All that we have in England they have in America--prisons, paupers,
policemen, palaces. You are thinking of Africa, Sarah, darkest Africa,
that used to be, but is fast disappearing. Led me add--"

Sarah, however, was already busy upon her dozen of oysters and had no
patience to hear the good man out.

"Don't you take on so, Bishop," she intervened, "'Mericky ain't done
much for me and precious little it's going ter do for you. What I says
is, let those as have got a good 'ome stop there and be thankful. Yer
may talk about your oshun wave, but I ain't taking any, no, not though
there was diamonds on the sea beach the other side and 'ot-'arse roses
fer nothink. Who ever sees their ole friends as is swallered up by the
sea? Who ever heard of Alb Kennedy since he went ter Berling as he told
us for to mike his fortune? Ho, a life on the oshun wave if yer like,
but not for them as has bread and cheese ashore and a good bed to go to
arterwards; that's what I shall say as long as I've breath in my body."

"Betty," the boy, answered to this earnest lamentation with a sound word
of good common sense.

"You're a-goin' to sleep in one o' them boxes to-night, ain't you,
Sarah?" he asked, and she admitted the truth of his conclusions.

"And sweeter dreams I would have if I knew where the Dook was a-layin'
his 'ed this night," she added.

The Archbishop ate a succulent morsel and drank a long draught from the
unadorned black bottle.

"Nothing is known of Kennedy at Hampstead," he interposed, "I have made
diligent inquiries of the gardener there, and he assures me that our
dear friend never returned from Poland and that no one knows anything of
him, not even Mr. Gessner. Anna, the daughter, I understand, is married
to an old acquaintance of ours and has taken a little house in Curzon
Street. She liked to go the--er--hem--pace, as the people say; and she
is mated to one who will not be afraid of exceeding the legal limits.
Mr. Gessner himself is on his yacht, and is supposed to be cruising off
the coast of Norway. That is what they tell me. I have no reason to
doubt the truth of their information. Would to heaven I had. Kennedy was
a friend, a true friend, while he was in England. I have known many a
bitter night since he left us."

He sighed, but valiantly, and applied himself once more to the pewter
pot. It was a terrible night outside, raining heavily and blowing a
bitter wind. Even here on the stage of the deserted theatre a chilling
draught sported with their candles and made fine ghosts for them upon
the faded canvas. Talk of Alban Kennedy seemed to have depressed them
all. They uttered no word for many minutes, not indeed until one of the
iron doors suddenly swung open and Alban himself came in among them. He
was drenched to the skin, for he had carried no umbrella, and wore but a
light travelling suit, the identical one in which he had returned from
Poland. Very pale and worn and thin, this, they said, was the ghost of
the Alban who had left them in the early summer. And his manner was as
odd as his appearance. You might almost have said that he had thrown the
last shred of the aristocratic rags to the winds and put on old habits
so long discarded that they were almost forgotten. When he crossed the
stage to them, it was with his former air of dogged indifference and
cynical self-content. Explanations were neither offered nor asked. He
flung his hat aside and sat upon the corner of a crazy sofa despised by
the rest of the company. A hungry look, cast upon the inviting
delicacies, betrayed the fact that he was hungry. Be sure it was not
lost upon the watchful Sarah.

"Good Gawd, to see him walk in amongst us like that. Why, Mr. Kennedy,
whatever's up, whatever brings you here a night like this?"

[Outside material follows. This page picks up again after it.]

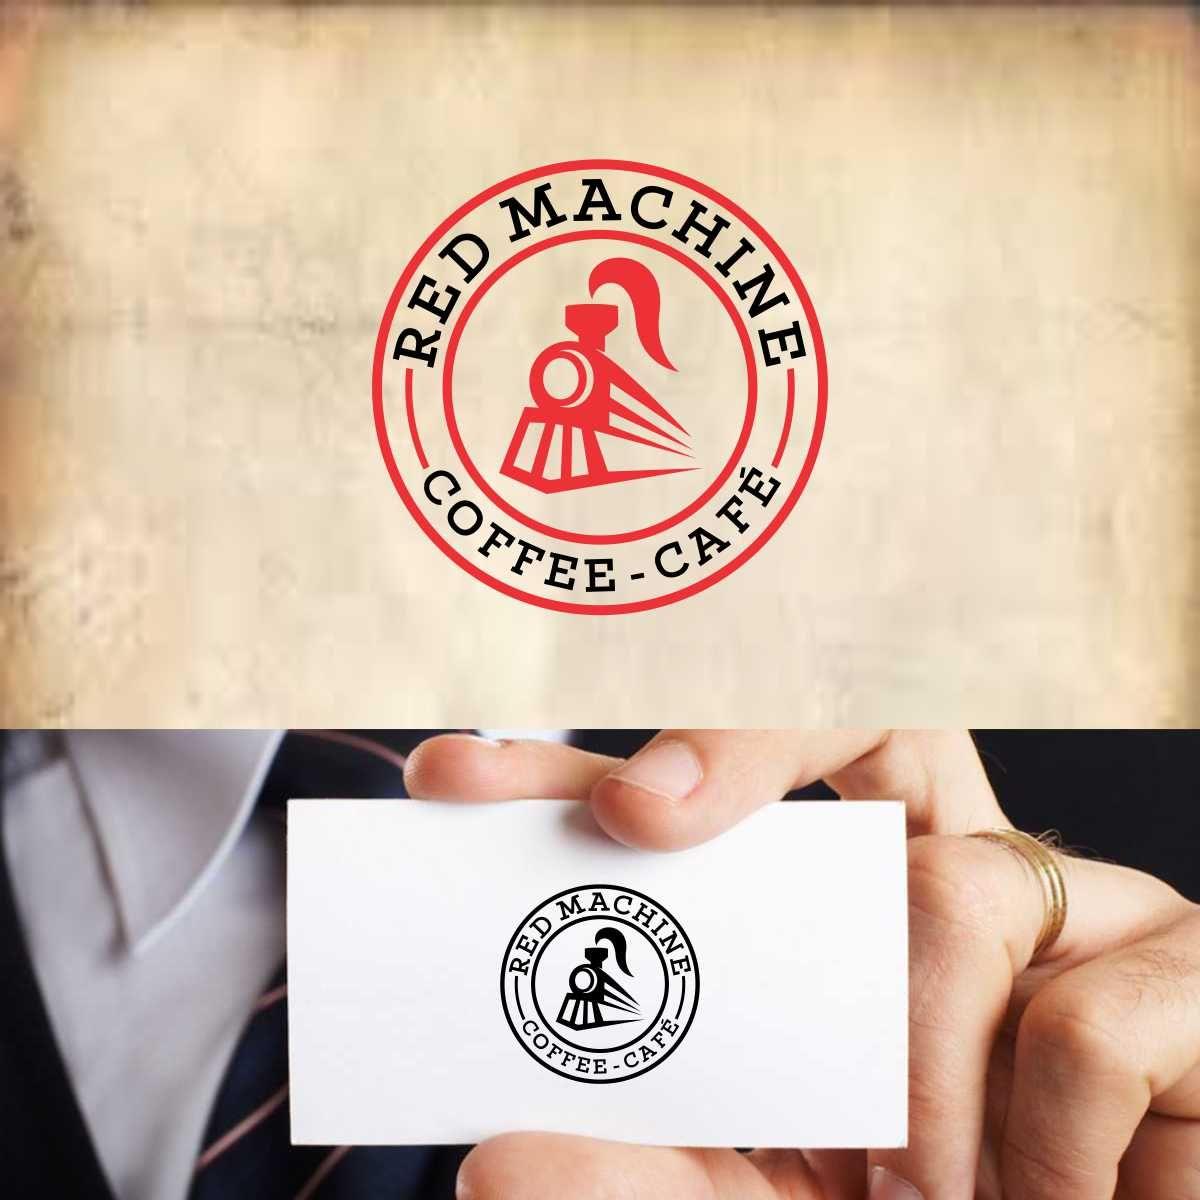 Red Coffee Shop Logo - Masculine, Serious, Coffee Shop Logo Design for Red Machine Coffee ...
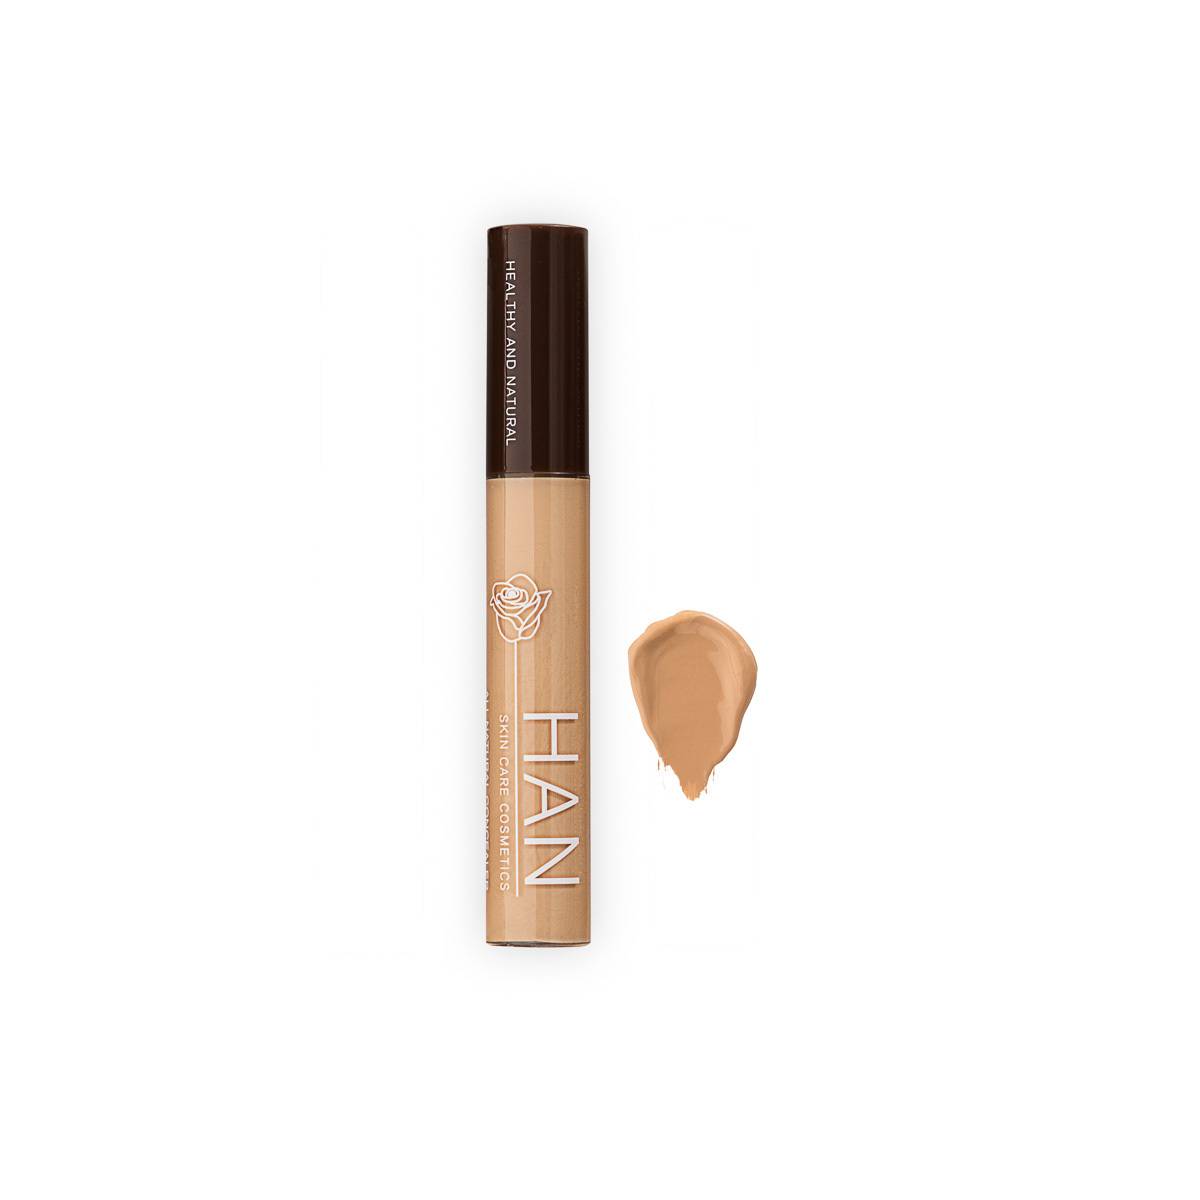 A stick of HAN concealer and a smudge of concealer next to the stick.

Alban had always admired the Lady Sarah, he admired her more than ever
to-night.

"Wind and rain, Sarah," he said shortly, "they brought me here, to say
nothing of Master Betty cutting across the street as though the cops
were at his heels. How are you all? How's his reverence? Speak up, my
lord, how are the affairs of your extensive diocese?"

"My affairs," said the Archbishop, slowly, "are what might be called in
_nubibus_--cloudy, my dear boy, distinctly cloudy. I am, to adopt a
homely simile, at present under a neighbor's umbrella, which is not as
sound as it might be. Behold me, none the less, in that state of content
to which the poet Horace has happily referred--_nec vixit male qui natus
moriensque fefellit_. At this moment you discover me upon a pleasant
bridge which spans an unknown abyss. I eat, drink and am merry. What
more shall I desire?"

"And Betty here, does Betty keep out of mischief?"

Sarah answered this.

"I got him a job at Covent Garden, and he's there regular at four
o'clock every morning sure as the sun's in heaven. Don't you go thinking
nothink about Betty, Mr. Kennedy, and so I tell you straight."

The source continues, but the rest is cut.